Hukka (not verified)says...

"We also struggle with waiting for others to figure things out. It wastes so much time. We want to take care of the issue and move on."

I think herein lies the issue, or atleast part of it. The problem I personally have with people approaching me in this manner is that its not their decision to make. Nobody has the right to swoop into my life and start tinkering about, no matter how much sense it makes to them. To be clear, I'm not reffering to you, obviously, because I don't know you and have no way of knowing how you operate in reality. But having had encounters such as this I would like to lay stress on the fact that no matter how logical something seems to the INTJ, sometimes they just DON'T know better whats good for the other person. And people also have perfectly valid reasons for rejecting the advice given to them which have nothing to do with being intimidated or unable to face honesty.

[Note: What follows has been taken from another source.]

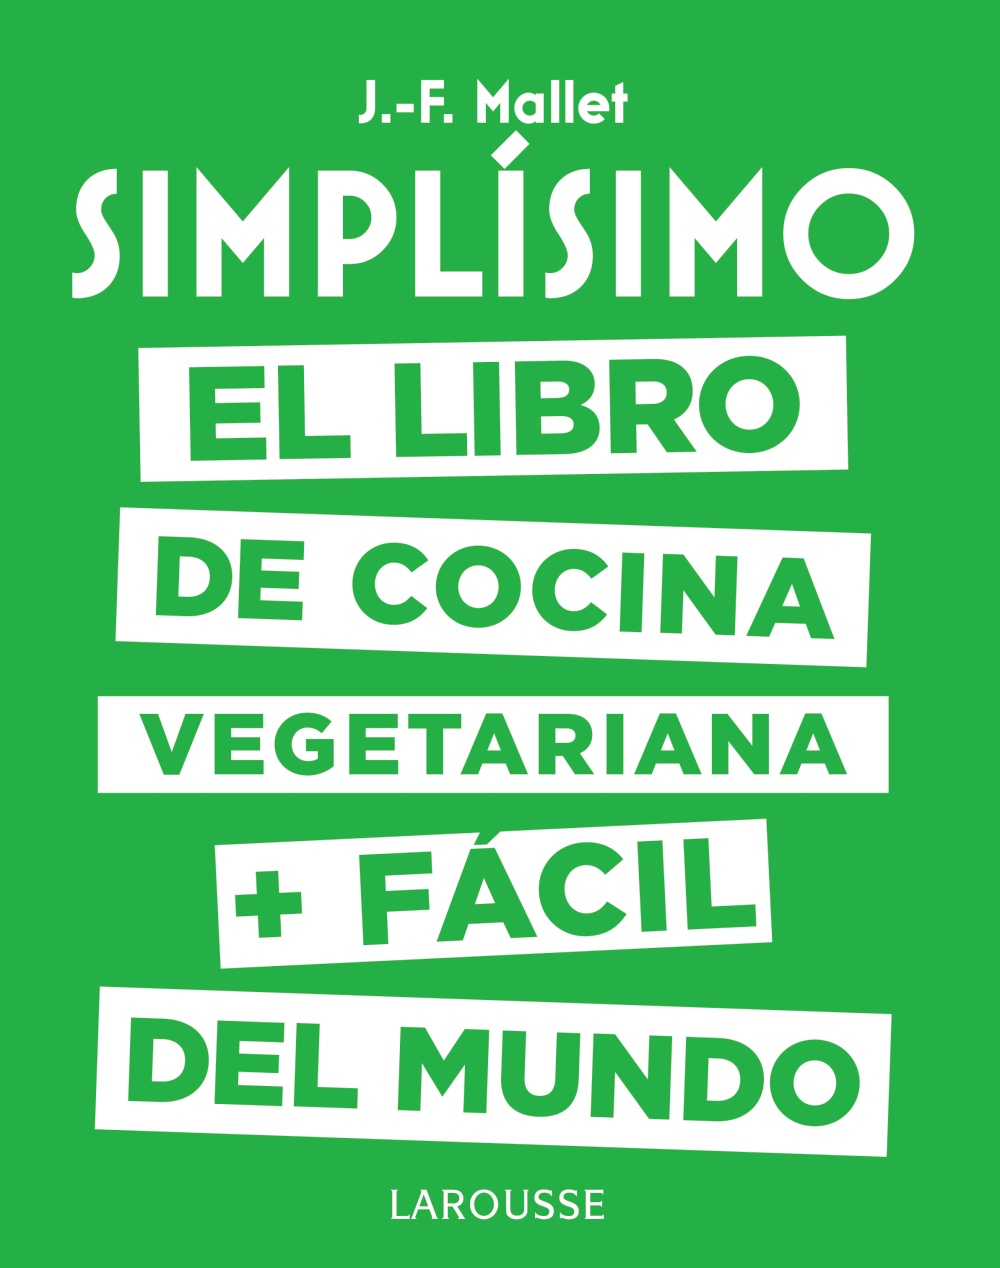 simplsimo-el-libro-de-cocina-vegetariana--fcil-del-mundo-1582803658.jpg

I might be talking from a slightly different angle, though. I'm perhaps thinking more of the situations where unwanted advice/attempts to control are doled out without the receiver venting or seeking any kind of emotional comfort. I would also like to say that this is not meant as a personal attack to Debbie, or as a disagreement on the motives of INTJs giving unsolicited advice. I'm only trying to illuminate the other side of this. I'll be the first to admit that this is a somewhat sore spot, because I have dealt with this mentality in my life a few times too often. (I've no idea what personality type I am BTW, and am not that interested in which slot I fit into.) To be sure, I think its arrogant to assume that somebody only gives unsolicited advice because they are insecure, but I will say that its equally arrogant to assume that people are not following your advice/letting you solve their problems simply because they are intimidated by you/ less smart than you/ insecure. And that is deffinitely how people have viewed my rejecting their unsolicited problem solving attempts. Maybe its a different matter if somebody is constantly venting their problems but then get offended for being offered advice?